Below is the story of my road to the Iron Viz championship…

I earned my spot in the finals by winning the feeder competition Elite 8 Sports Viz Contest with my dashboard It’s 4th Down. My two other competitors, Jeffrey Shaffer and Jonathan Trajkovic, earned their spots by winning the quantified self and storytelling competitions respectively. I got to know them over the course of the week in Seattle and they are both really great guys that create fantastic content for the Tableau community.

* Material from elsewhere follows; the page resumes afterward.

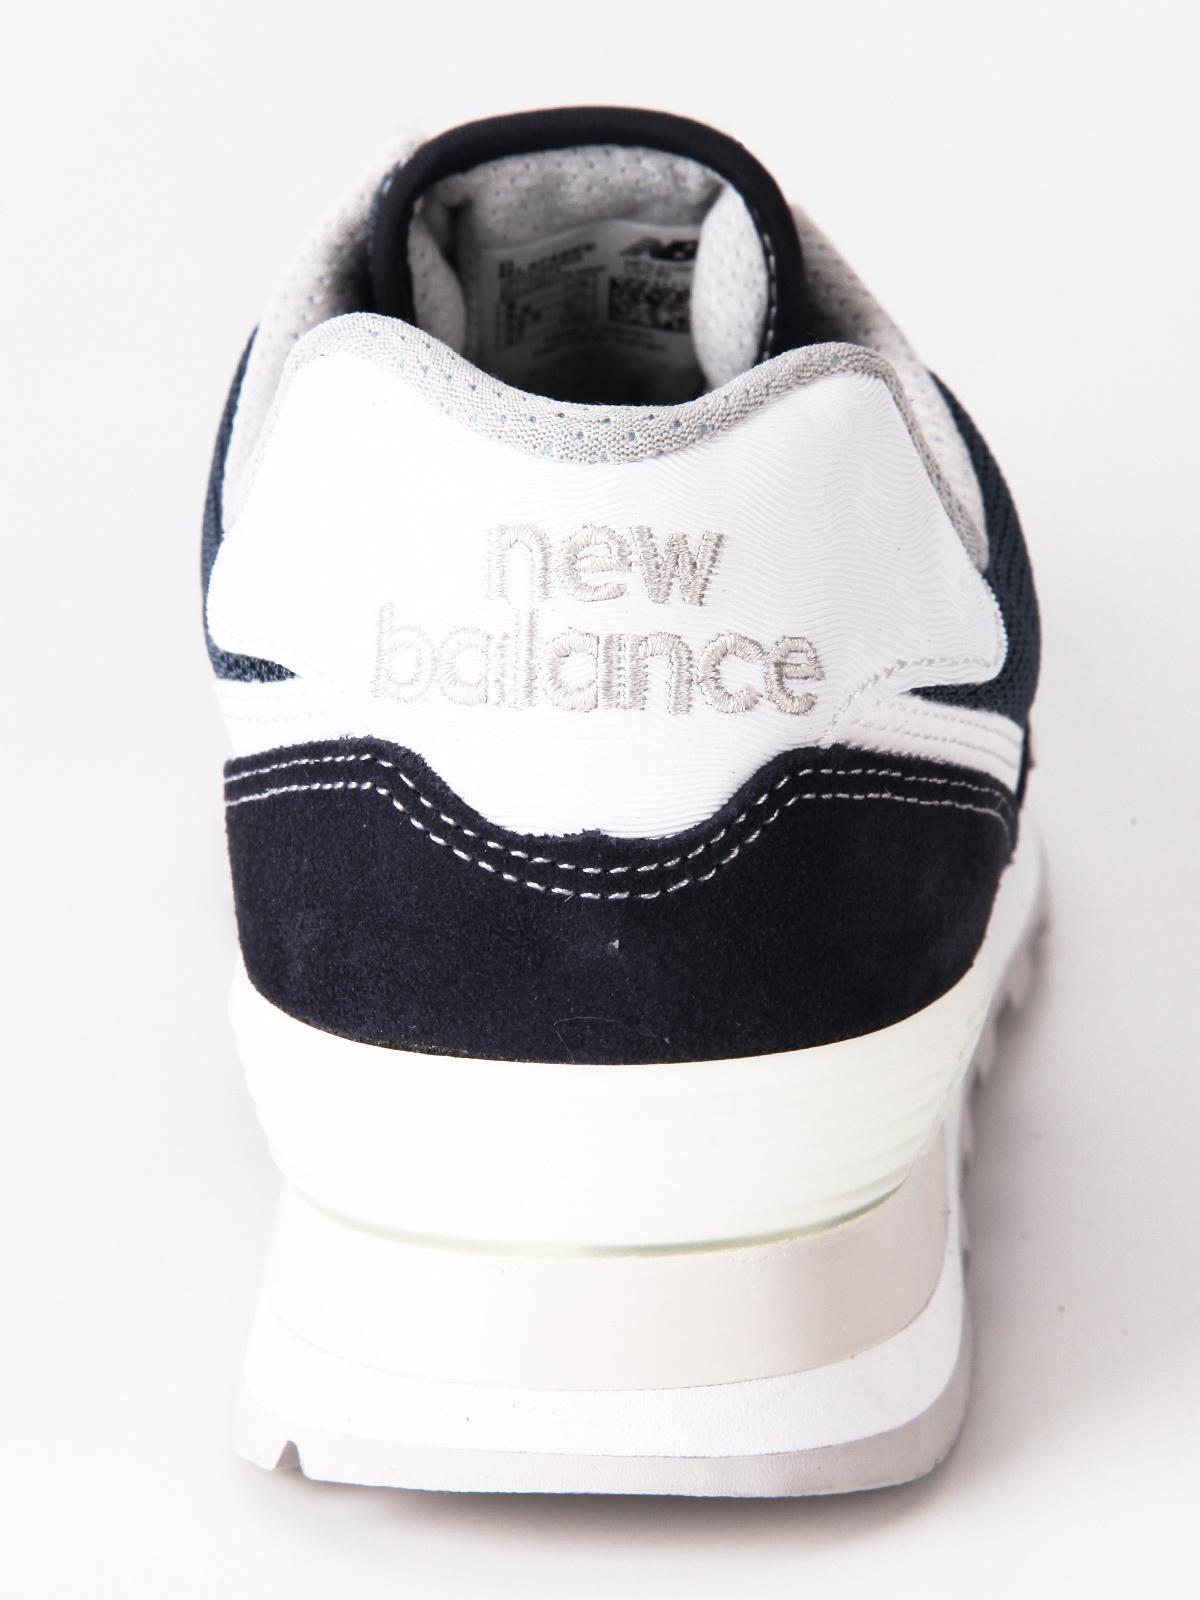 Zapatillas deportivas bicolor hombre   MecShopping

The inspiration for my viz was a seafood restaurant I found on Yelp years ago when we were vacationing in a new city and looking for dinner. I remember it only had a few reviews and at 3 overall stars wasn’t looking that promising, but I clicked it anyways. There were two 4 stars reviews and a single 1 star review. I don’t remember the exactly wording, but the 1 star review basically said 'I hate seafood and I hate this restaurant'. I remember thinking ‘Why should I trust someone’s review of a seafood restaurant when they don’t like seafood?’ When I was looking at the Yelp data for Iron Viz, this all came back to me and my idea was born: 'Who should you trust on Yelp?'

Tactically my Iron Viz strategy basically involved taking advantage of the strengths of Tableau:
  •  Easy exploration to see what data was available and how it was structured
  • ‘Speed-of-thought’ analysis to see what insights I could pull out of the data.
  •  Rapid creation and iteration to arrive at a final design
  •  Rapid creation and iteration to start from scratch after I decided I didn’t like my ‘final’ design at the last minute



Ease of Exploration

Although we knew we were going to be competing months in advance, to make it more challenging, we were only given the data several days ahead of time - which left only a few days to explore and practice. Pulling the data apart quickly revealed it was just over 1 million Yelp reviews going back to 2004 for three cities (Las Vegas, Phoenix and Edinburgh, UK). The structure of the data had some implications given that the data is a large denormalized table. For example, because businesses are repeated for each review, the SUM of the businesses’ review are meaningless. Understanding the data structure was critical to using the right aggregations for our metrics.



Speed of Thought

I knew I wanted to evaluate the reviewers themselves, but how best to do that? I quickly created a few different calculated fields before settling on my key metric, Reviewer Error. Reviewer Error measures how far that particular reviewer’s rating varied from the overall Yelp consensus. For individual reviews this isn’t meaningful (people can have a bad experience at a good business) but when looking in aggregate you can get an idea how close or far someone is from the overall consensus. This is technically the Root Mean Square Deviation. It was easy to create this metric in Tableau:

Reviewer Error = SQRT(SUM(([Review Score]-[Business Score])^2)/SUM([Number of Records]))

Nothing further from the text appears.